[Task description]:
Copy the data exactly as it appears, and do not include any pictures.

=== Dataset content ===

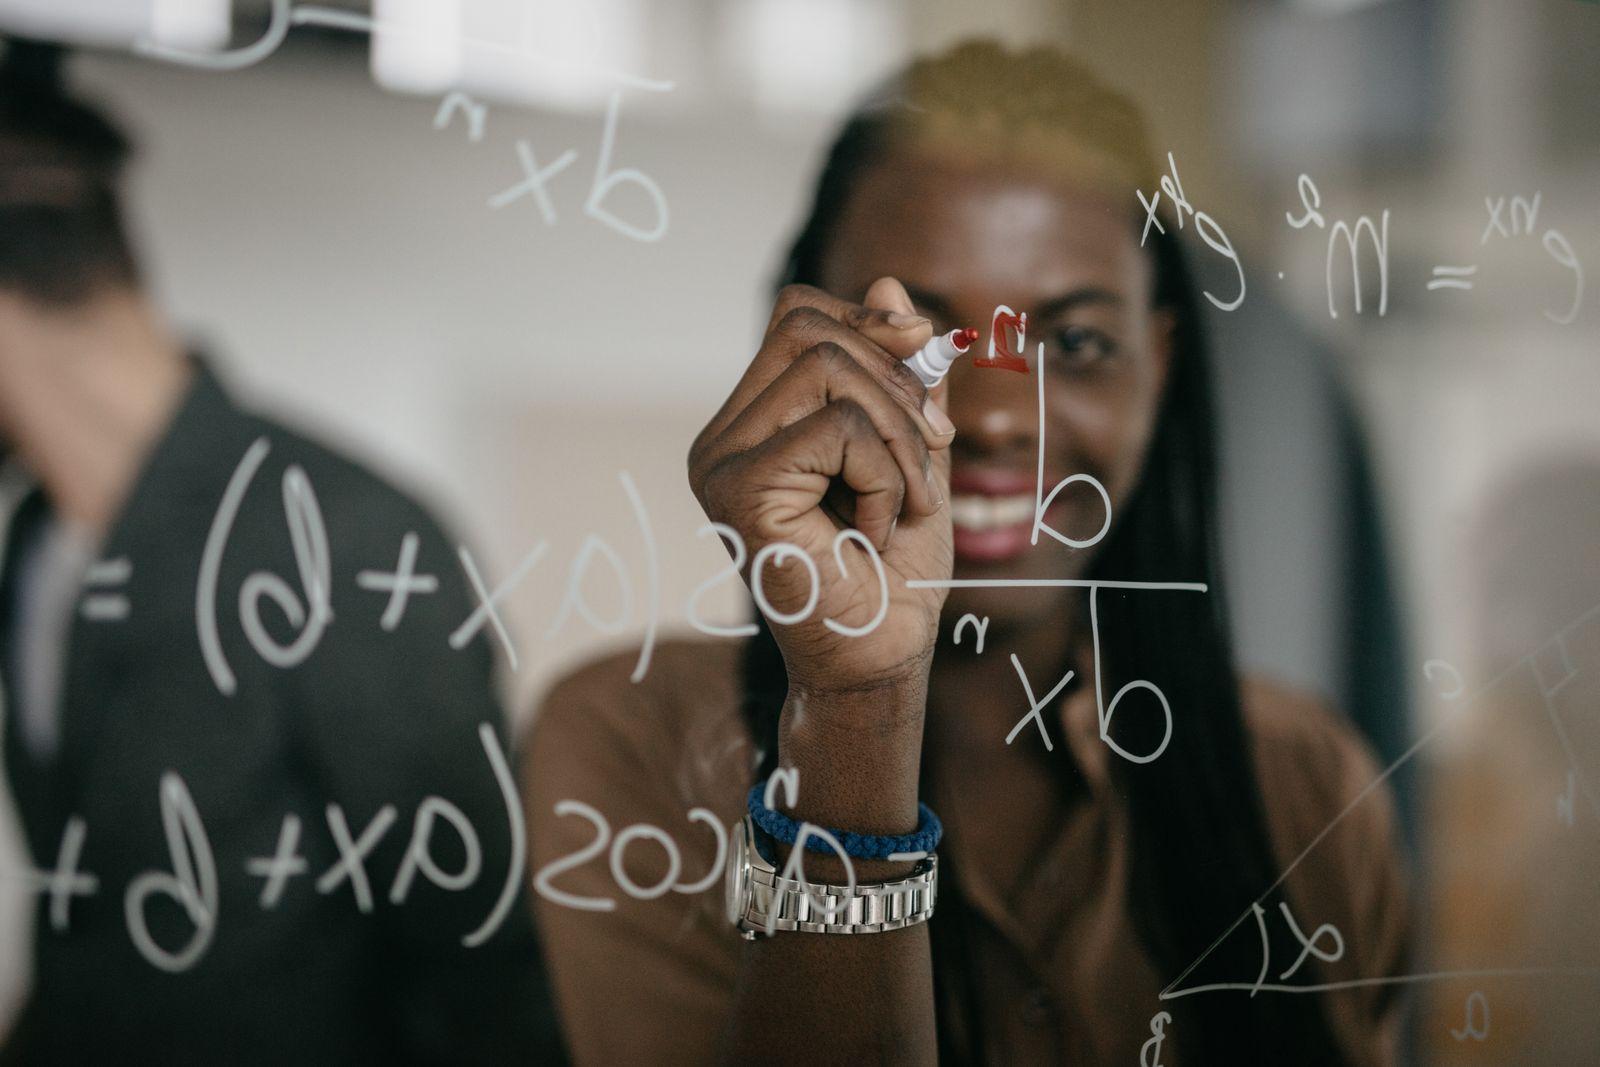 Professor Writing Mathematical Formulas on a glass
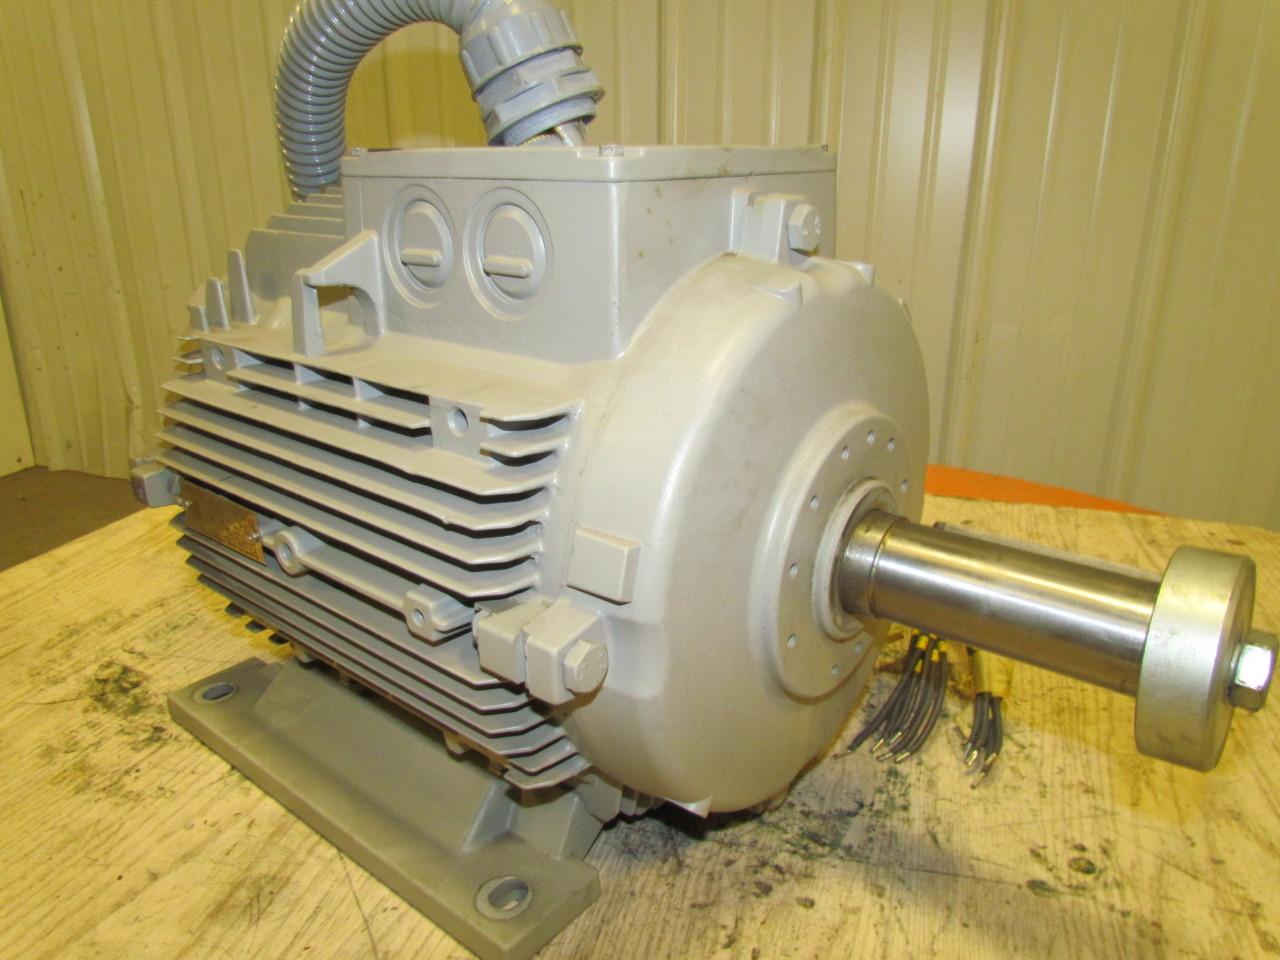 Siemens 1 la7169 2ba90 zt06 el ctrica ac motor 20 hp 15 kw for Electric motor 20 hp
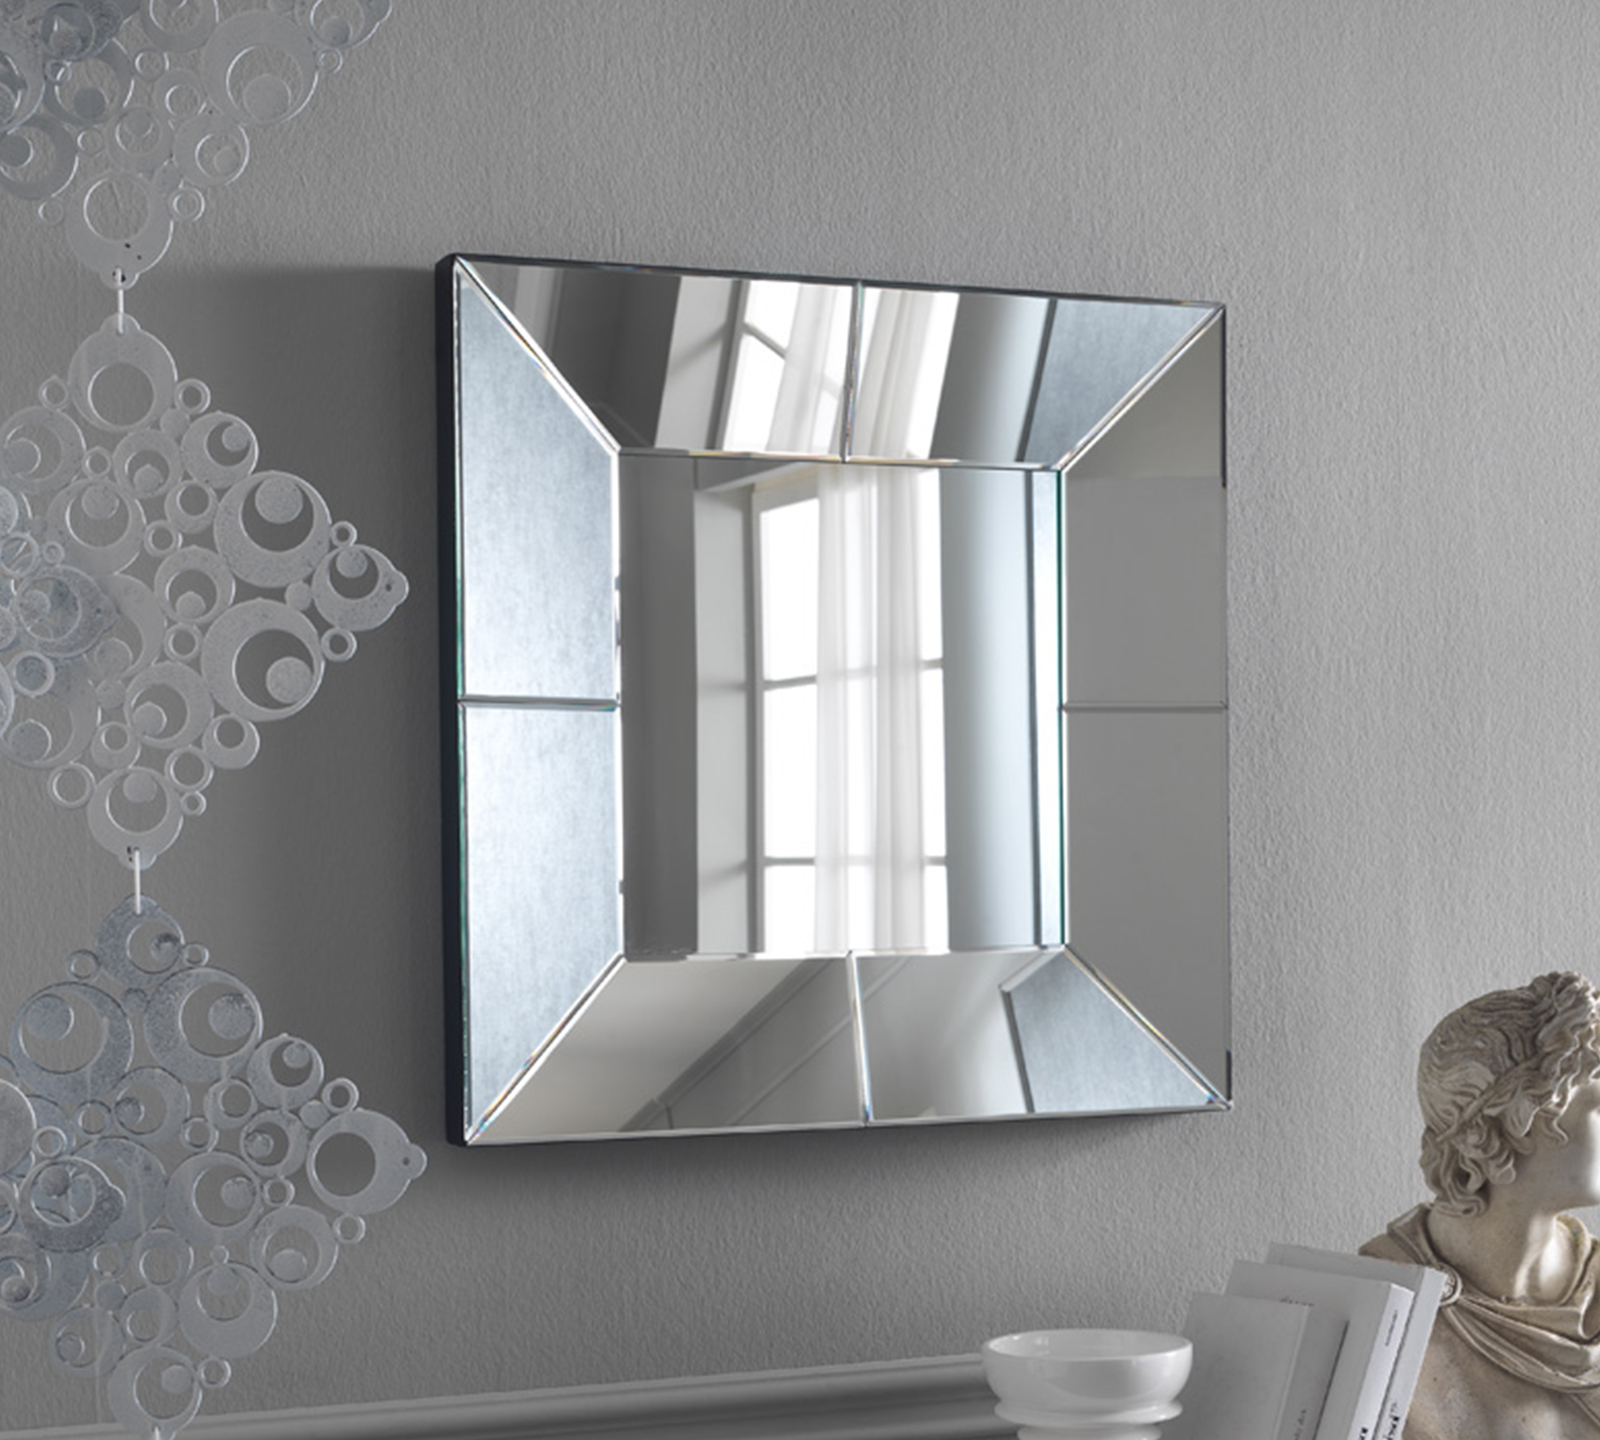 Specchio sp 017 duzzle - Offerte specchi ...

===

[Response below]:
 Professor Writing Mathematical Formulas on a glass
 Siemens 1 la7169 2ba90 zt06 el ctrica ac motor 20 hp 15 kw for Electric motor 20 hp
 Specchio sp 017 duzzle - Offerte specchi ...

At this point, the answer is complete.